Retype all of the listing exactly, passing over any picture you find.

> _DATA SECTION_
___

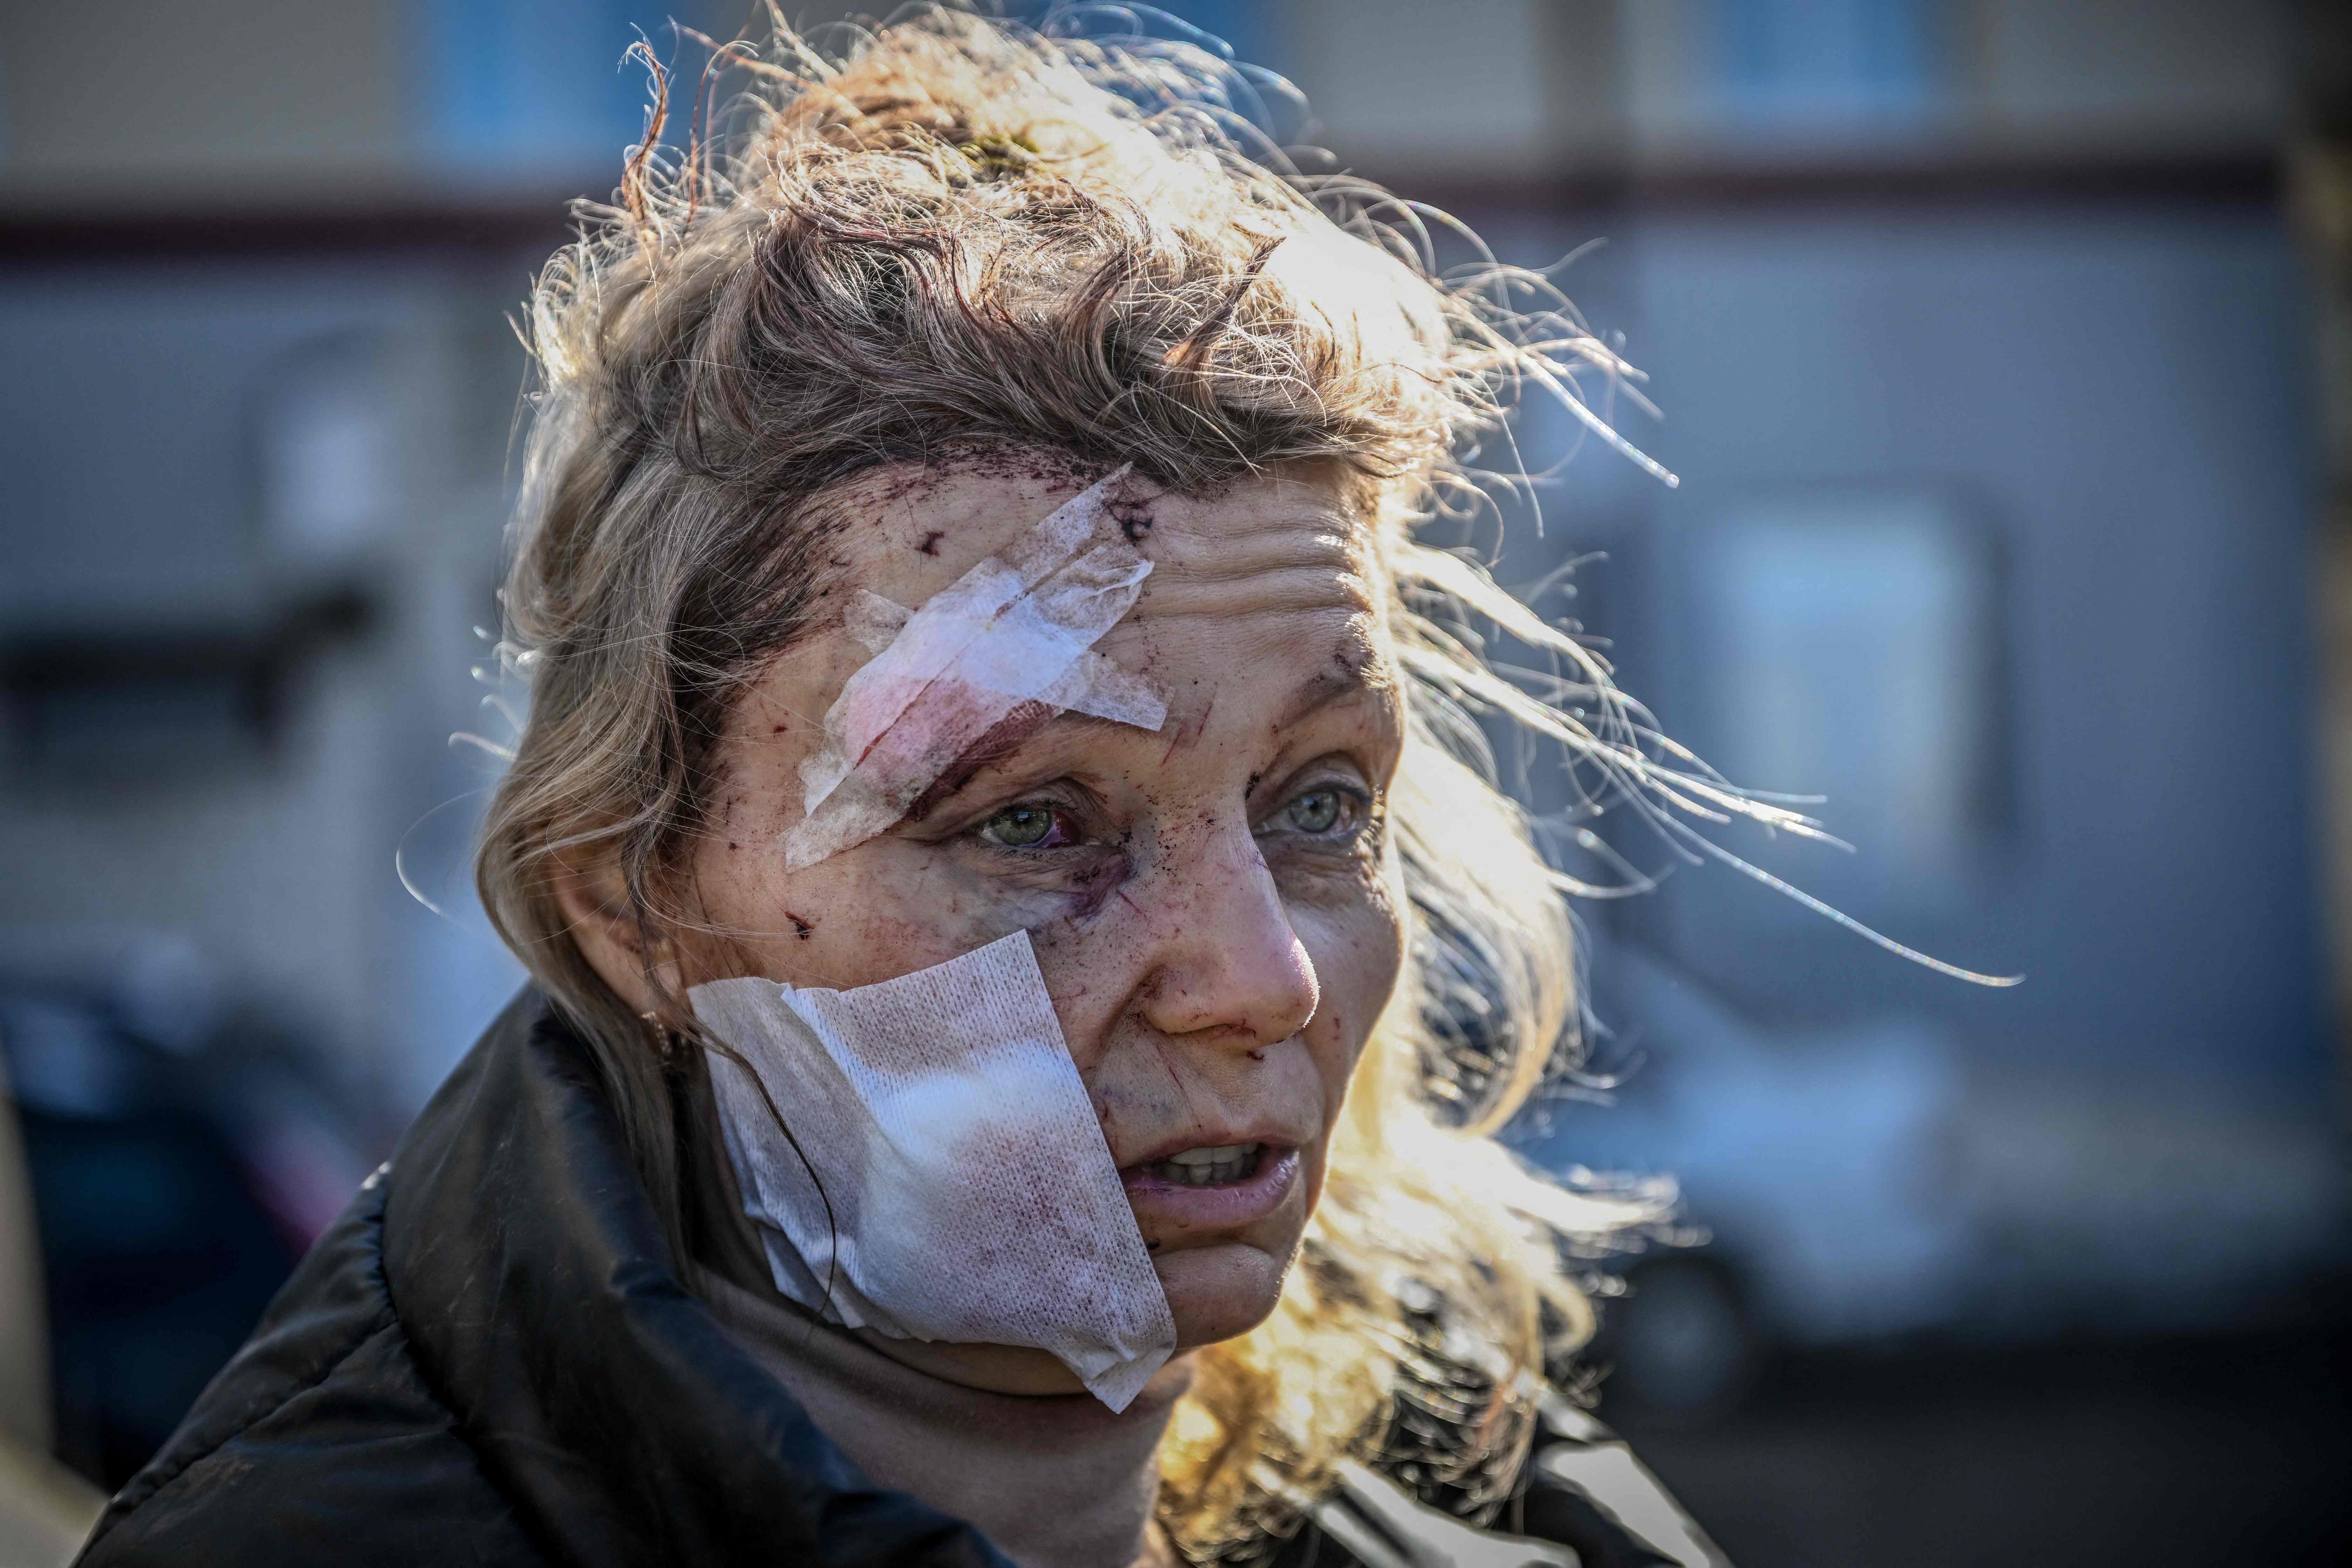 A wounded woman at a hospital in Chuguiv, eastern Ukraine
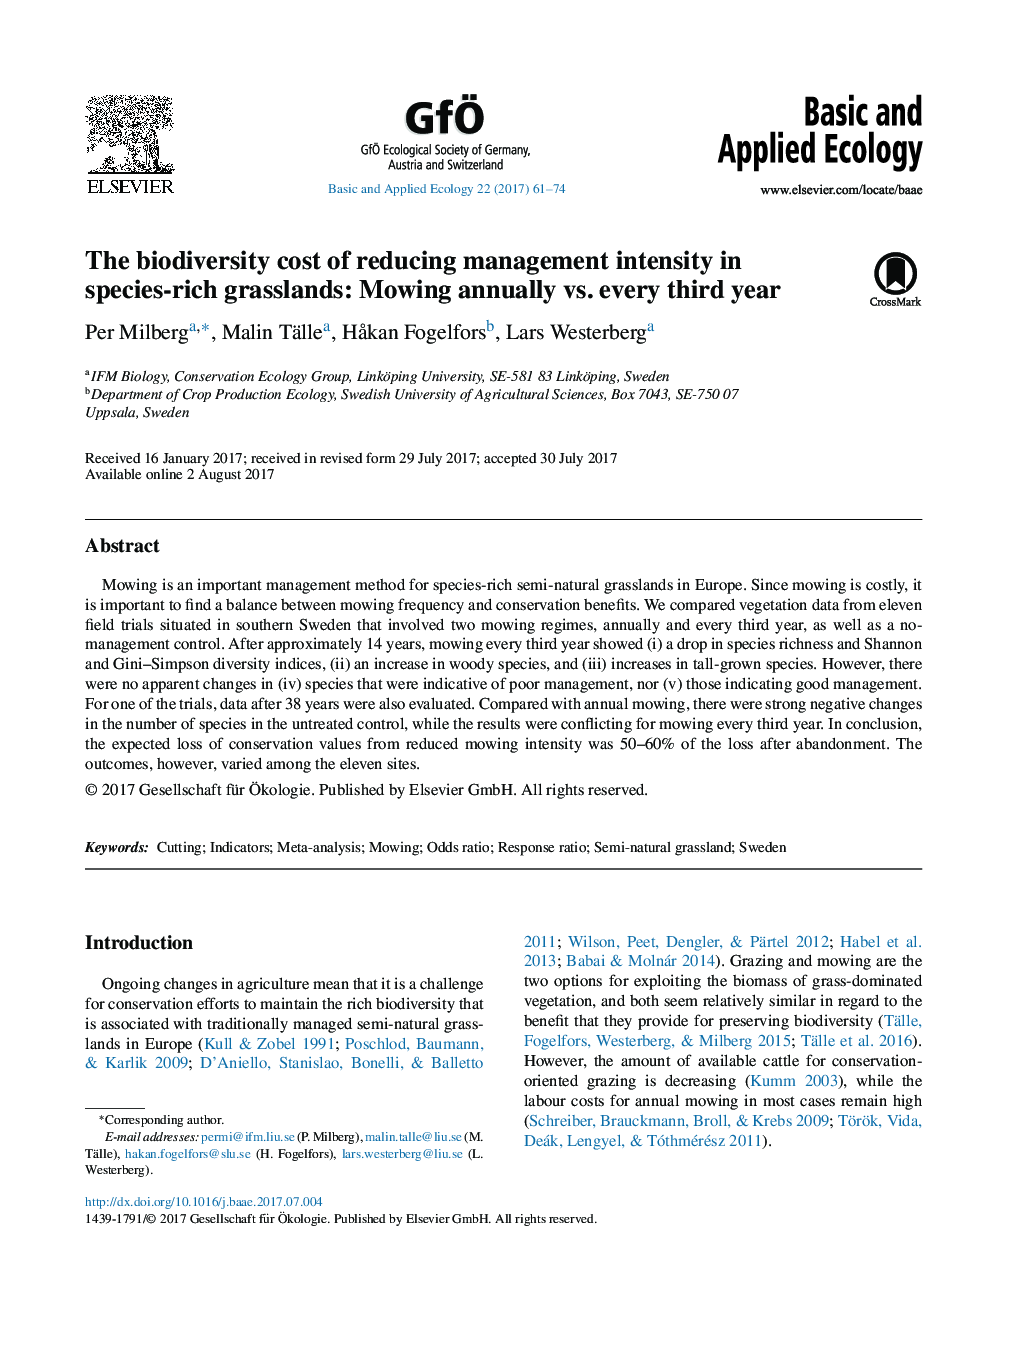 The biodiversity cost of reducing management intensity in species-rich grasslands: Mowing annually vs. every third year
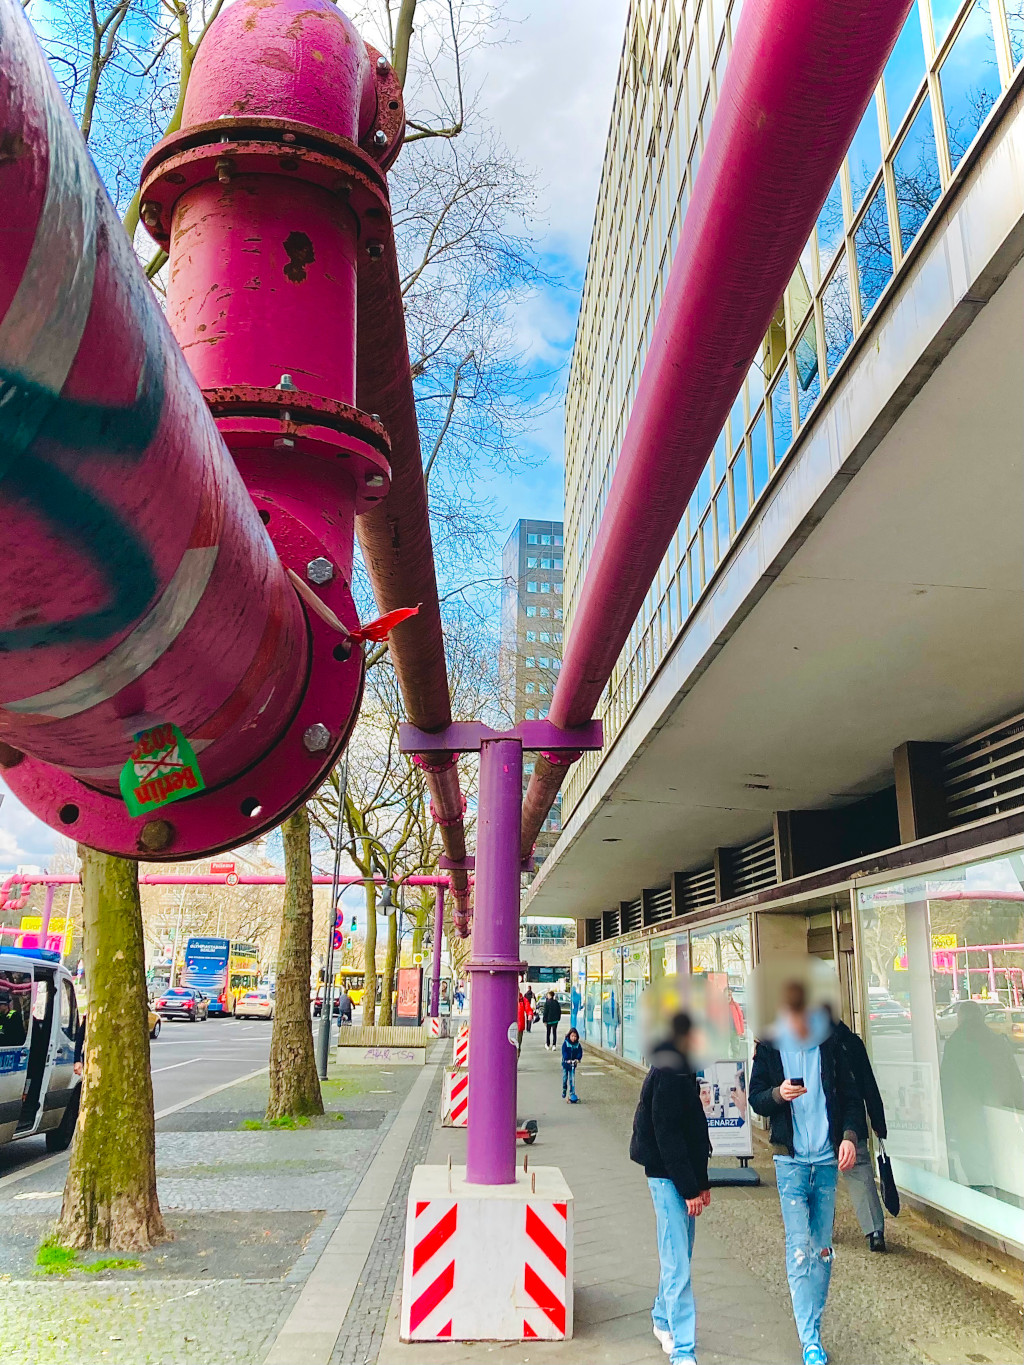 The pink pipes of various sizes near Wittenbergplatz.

___

> _REPLY_
 A wounded woman at a hospital in Chuguiv, eastern Ukraine
 The biodiversity cost of reducing management intensity in species-rich grasslands: Mowing annually vs. every third year
 The pink pipes of various sizes near Wittenbergplatz.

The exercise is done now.